According to studies cited on The London Project website, London is truly an international city, as almost four in ten of its nine million inhabitants were born outside the U.K. It is also a young city: the median age is 35.6, and 18 percent of Londoners are in their 20s. And it’s a growing city, which is expected to add two million people within 30 years. People around the world name London one of the most desirable large cities in the world, but it has the highest proportion of poverty in the U.K., and racial, ethnic, and religious strife bubbles up to the surface regularly.

London has a higher proportion of practicing Christians than the rest of Great Britain, and the number of churches in the city has been growing in recent years, but it would require “significant church planting” to reach “a tipping point of 10% of London’s population following Christ,” according to The London Project.

“The growth of the church in London has in so many ways been driven by diaspora, bringing a lively Christian faith with them,” says Neil. “However, we kept hearing pastors admit, ‘We are reaching our own people, but we don’t know how to reach London.’” Reaching center city skeptics with the gospel took a whole new skill set.

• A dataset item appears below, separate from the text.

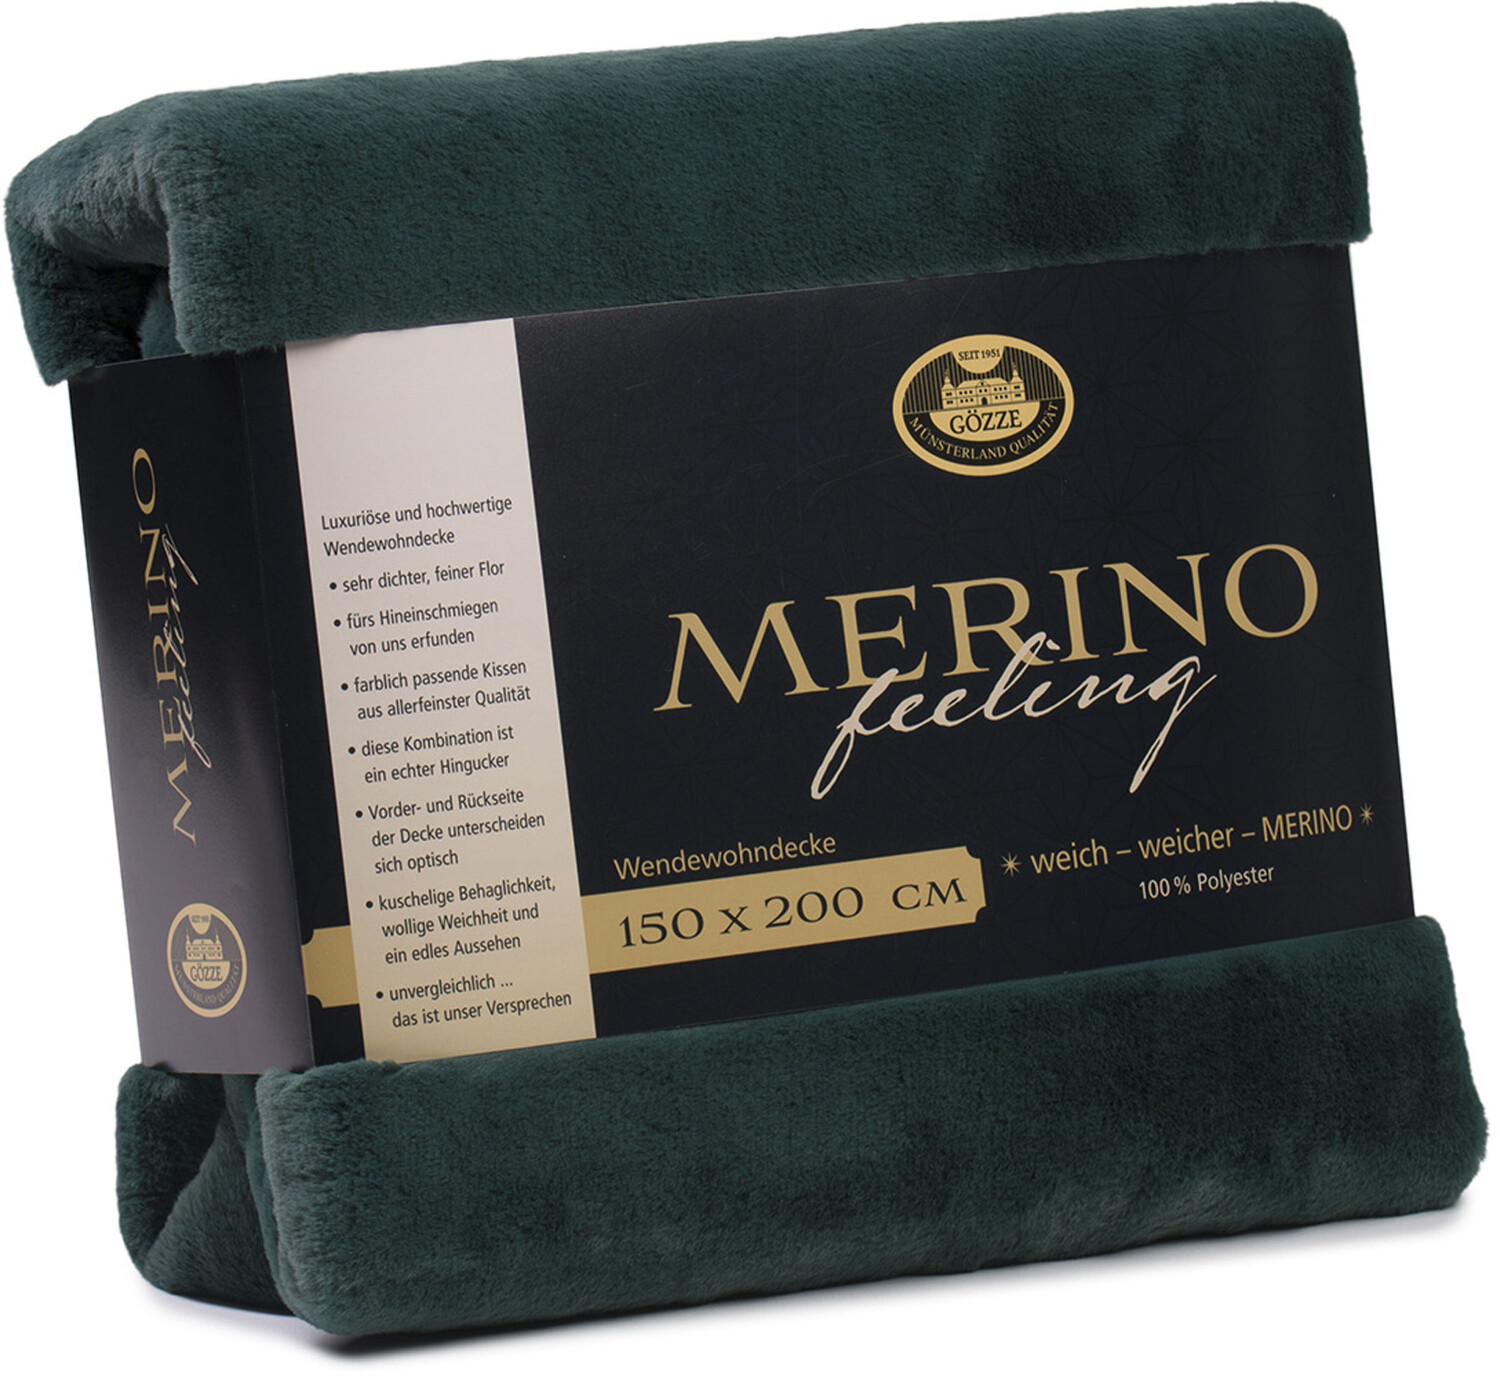 Merino | Preisvergleich 49,95 Gözze 150x200cm € ab bei

To address that need, The London Project seeks to build partnerships and cultivate collaboration between pastors and church leaders throughout the city. Evening receptions and dinners featuring special speakers attract 40 to 60 pastors from churches that primarily serve members from Korea, Africa, South Asia, the Middle East and other places. Neil says these events are strengthening church leaders in all these communities and encouraging them to work together to spread the gospel in London.

“We work with 250 churches from over 50 nations,” he said. “We have pastors who have been ministering for years who have never seen this kind of networking before.”

The London Project hosts training covering topics like Culture and Context and Gospel Fluency and a two-year program called “Incubator” that equips church planters for urban ministry. They hold special events, such as the recent “Together for London” celebration where 350 leaders gathered to celebrate the diversity of the London Church and to strategize on how to reach all 32 boroughs.

Despite the significant impact of the COVID pandemic, The London Project has flourished in its first four years. Neil believes the disruptions of the pandemic and recent ethnic and religious tensions bring a certain timeliness to the efforts of The London Project.

“The world had no answer for bringing communities together,” he said. “But the church has that opportunity to manifest the power of the gospel to reconcile these communities.”